Calling pro-gender marriage supporters hateful is common. For example, in a Time opinion, Art Smith asked Chick-fil-A president Dan Cathy to “take the hate off the plate.” And at Huffington Post, “nationally recognized LGBT leader in higher education” Shane L. Windmeyer wrote about Cathy’s “anti-gay remarks” and “Chick-fil-A's secretive donations to . . . a documented hate group.”
But does using the word “hate” lead to more hatred?
In the Washington Post, Dana Milbank cautions against throwing the word “hate” around so recklessly. And “stop listing a mainstream Christian advocacy group alongside neo-Nazis and Klansmen.”
Human Rights Campaign, the nation’s largest gay rights organization, posted an alert on its blog Tuesday: “Paul Ryan Speaking at Hate Group’s Annual Conference.”
The “hate group” that the Republicans’ vice presidential candidate would be addressing? The Family Research Council, a mainstream conservative think tank founded by James Dobson and run for many years by Gary Bauer.

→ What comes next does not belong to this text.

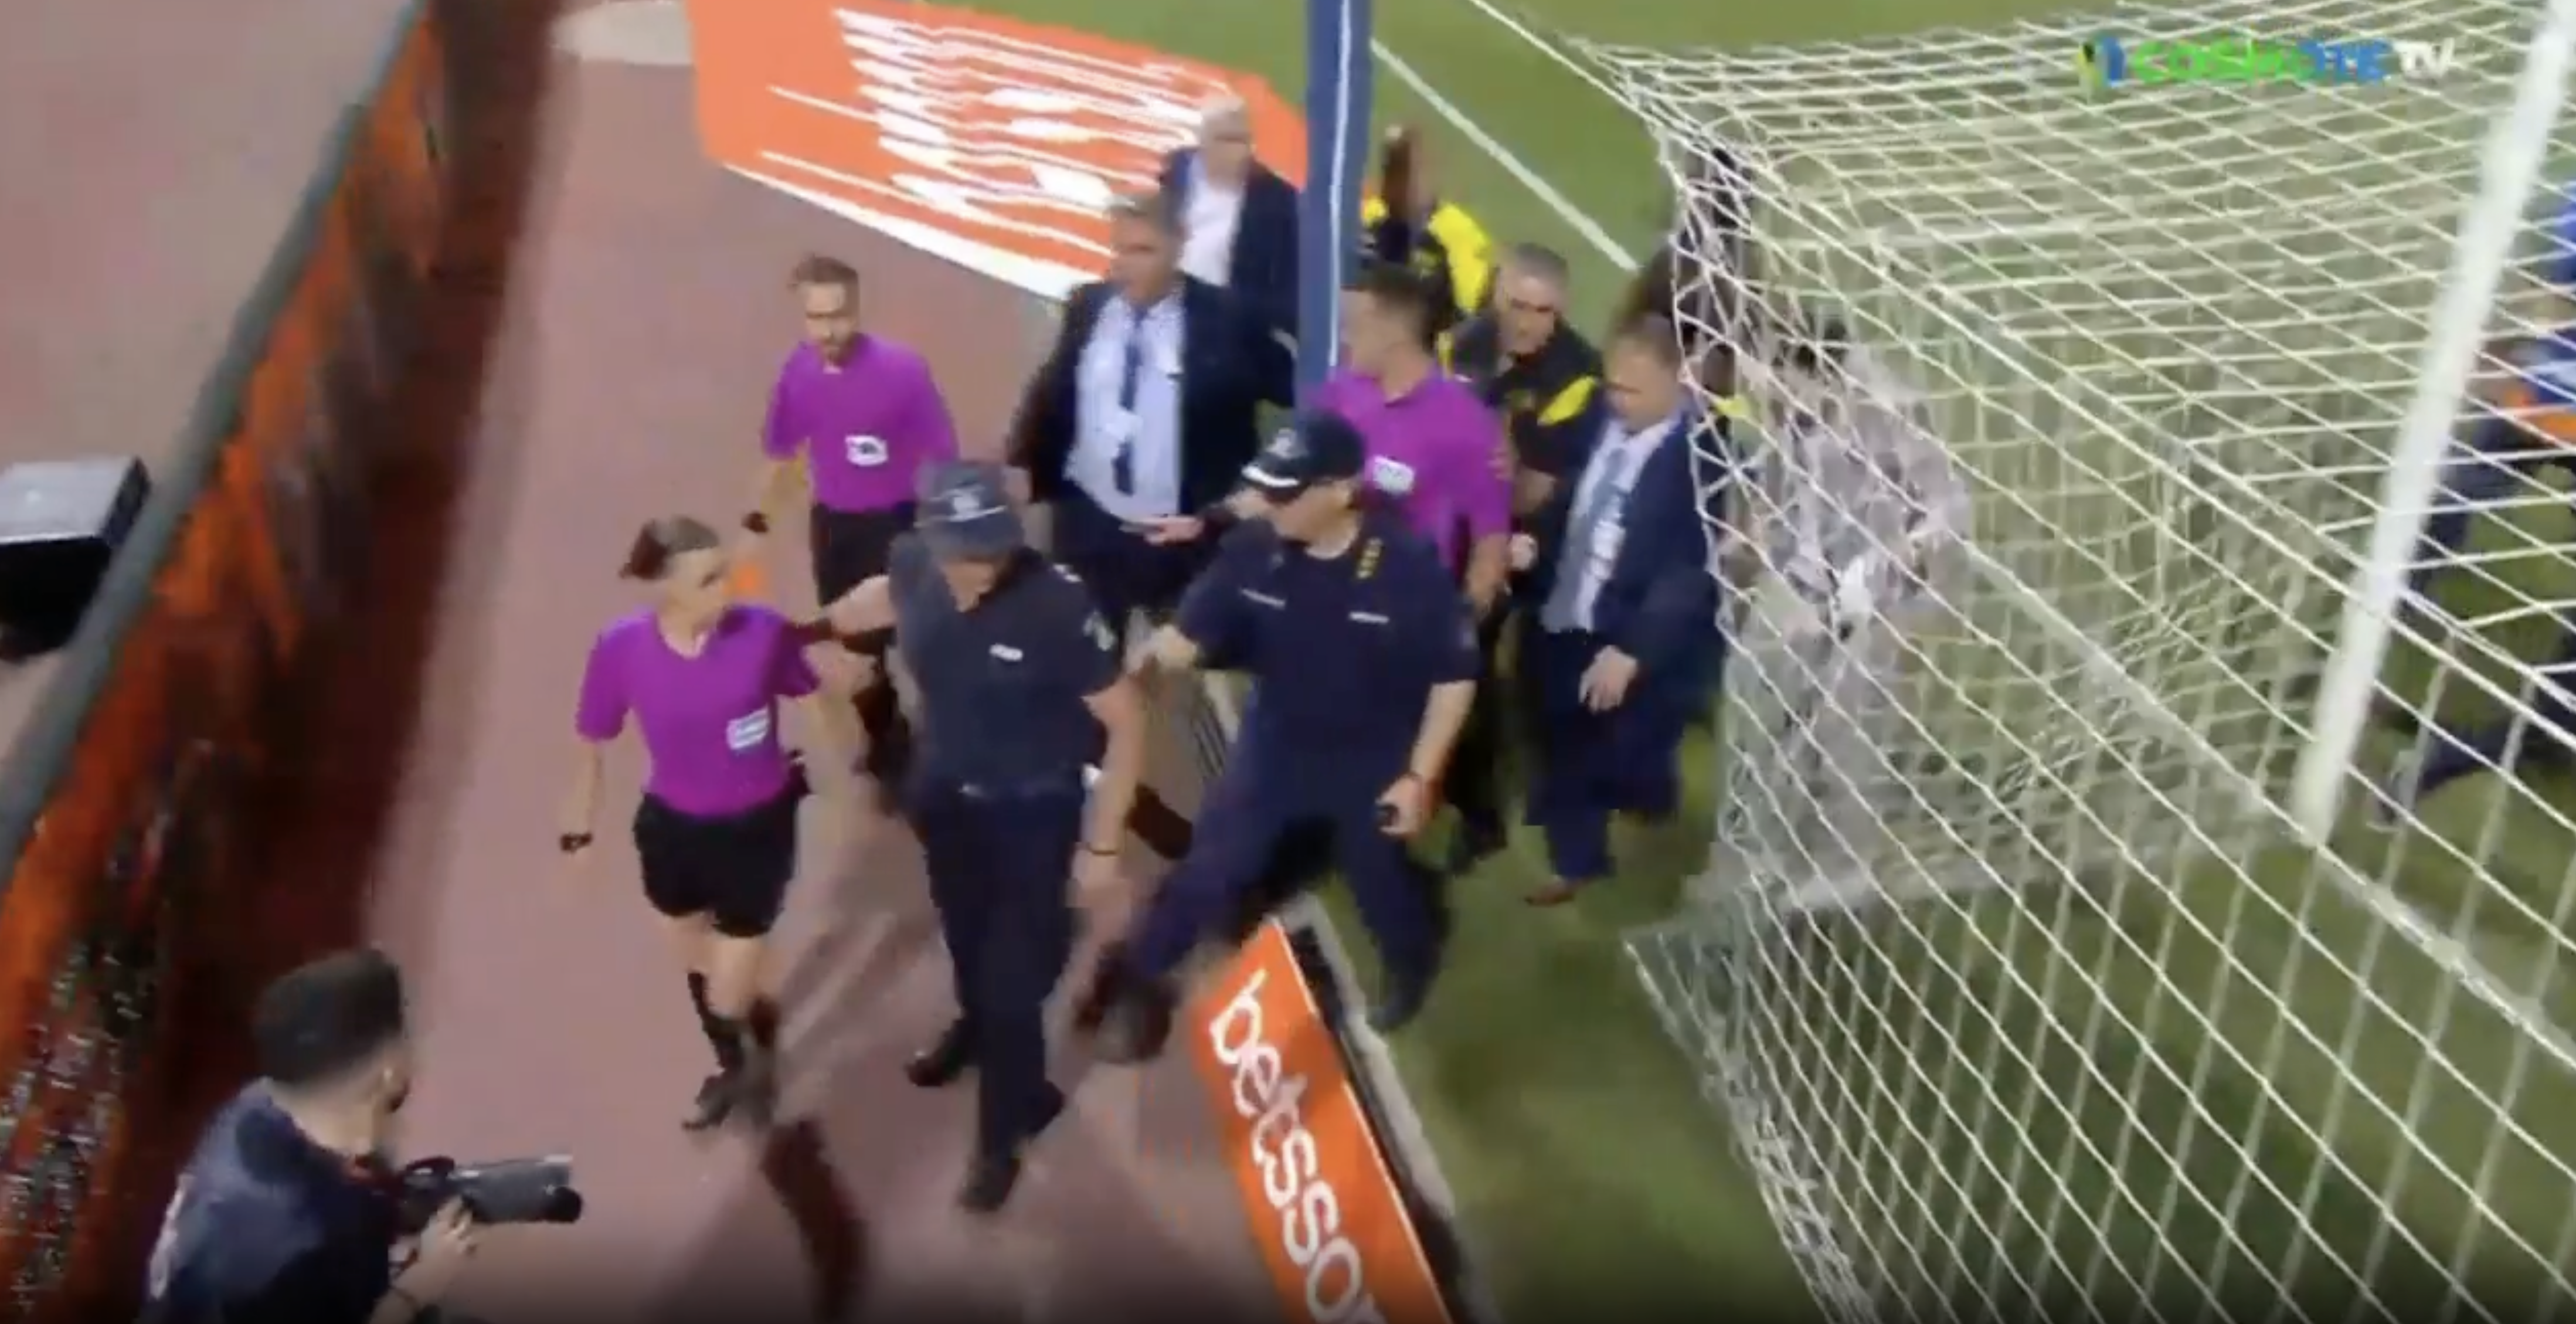 Auf einem Video war zu sehen, wie die Schiedsrichter von Polizisten vom Spielfeld eskortiert wurden.
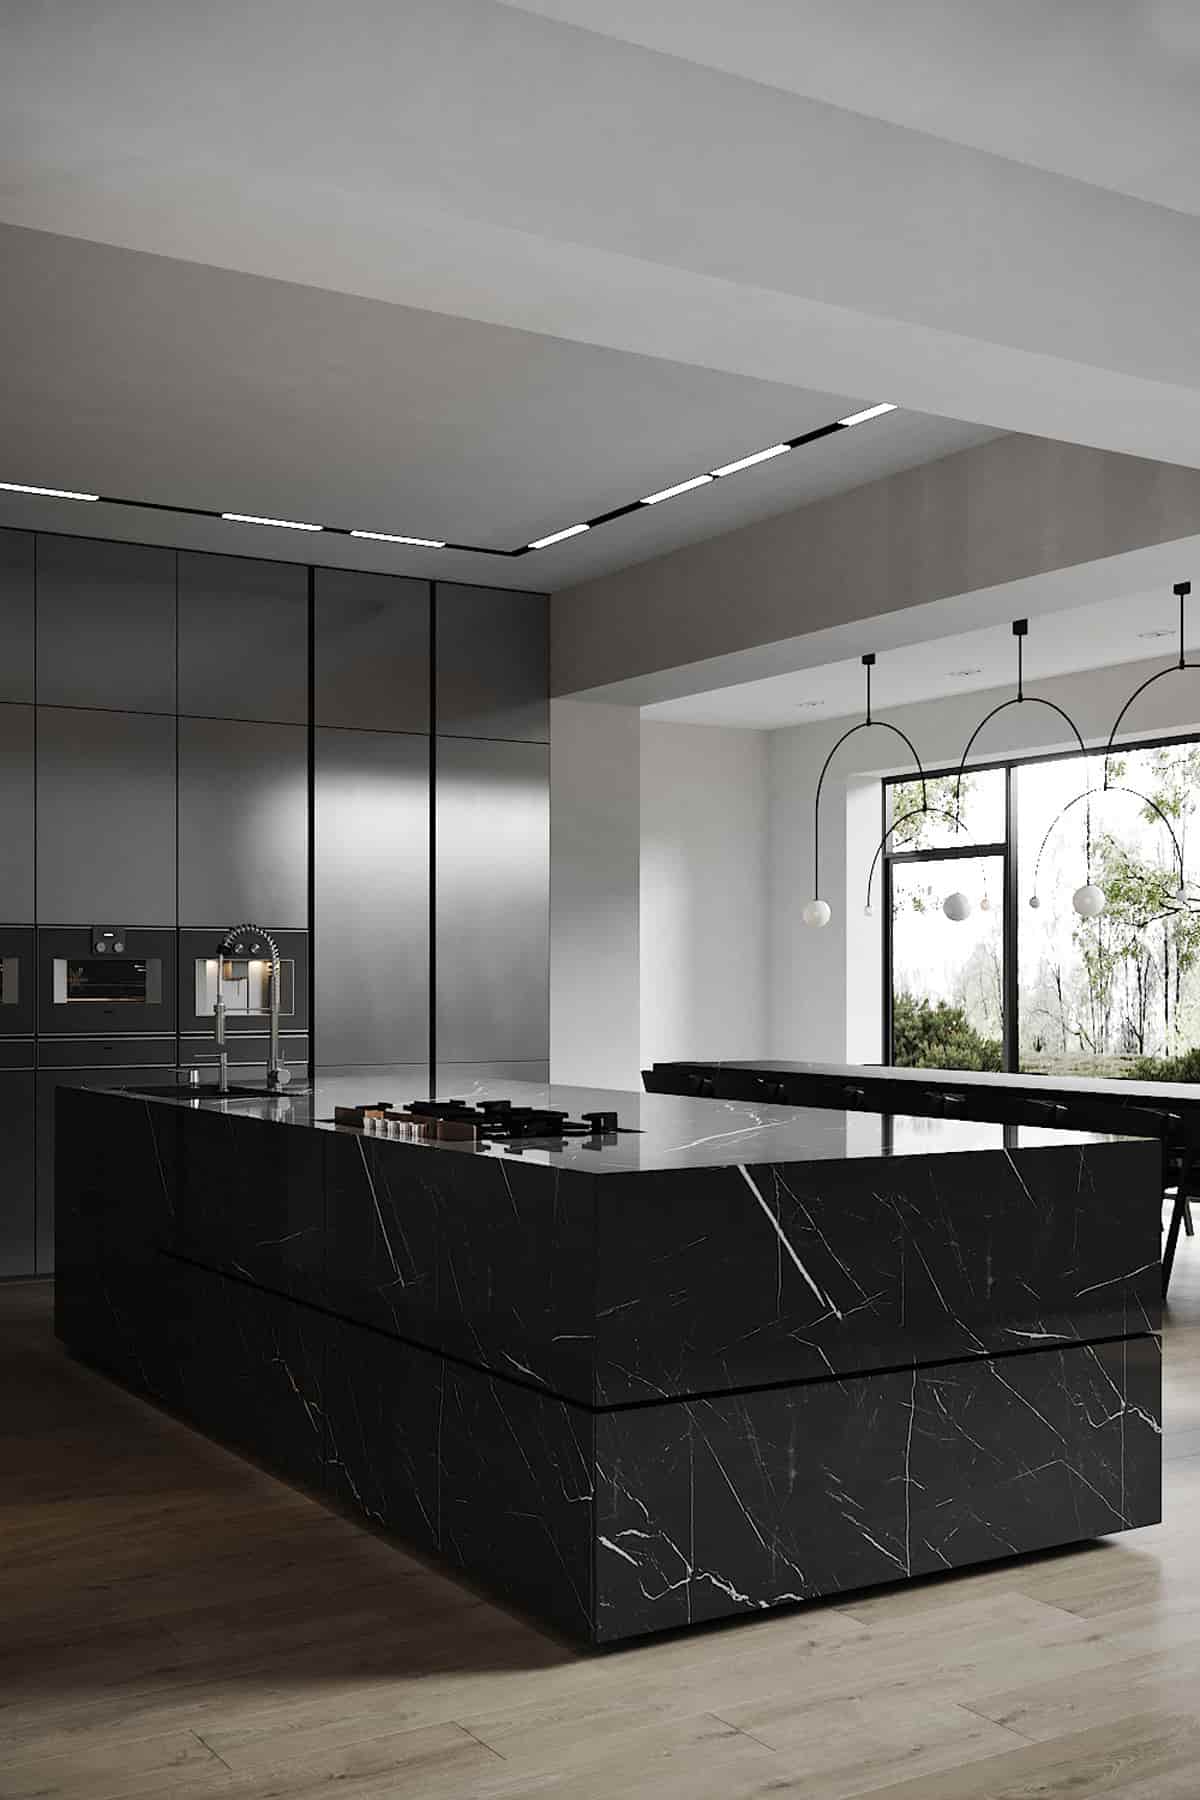 25 Black Kitchen Design Ideas Creating Balanced Interior

The day after the gay rights group’s alert went out, 28-year-old Floyd Lee Corkins II walked into the Family Research Council’s Washington headquarters and, according to an FBI affidavit, proclaimed words to the effect of “I don’t like your politics” — and shot the security guard. Corkins, who had recently volunteered at a gay community center, was carrying a 9mm handgun, a box of ammunition and a backpack full of Chick-fil-A — the company whose president recently spoke out against gay marriage.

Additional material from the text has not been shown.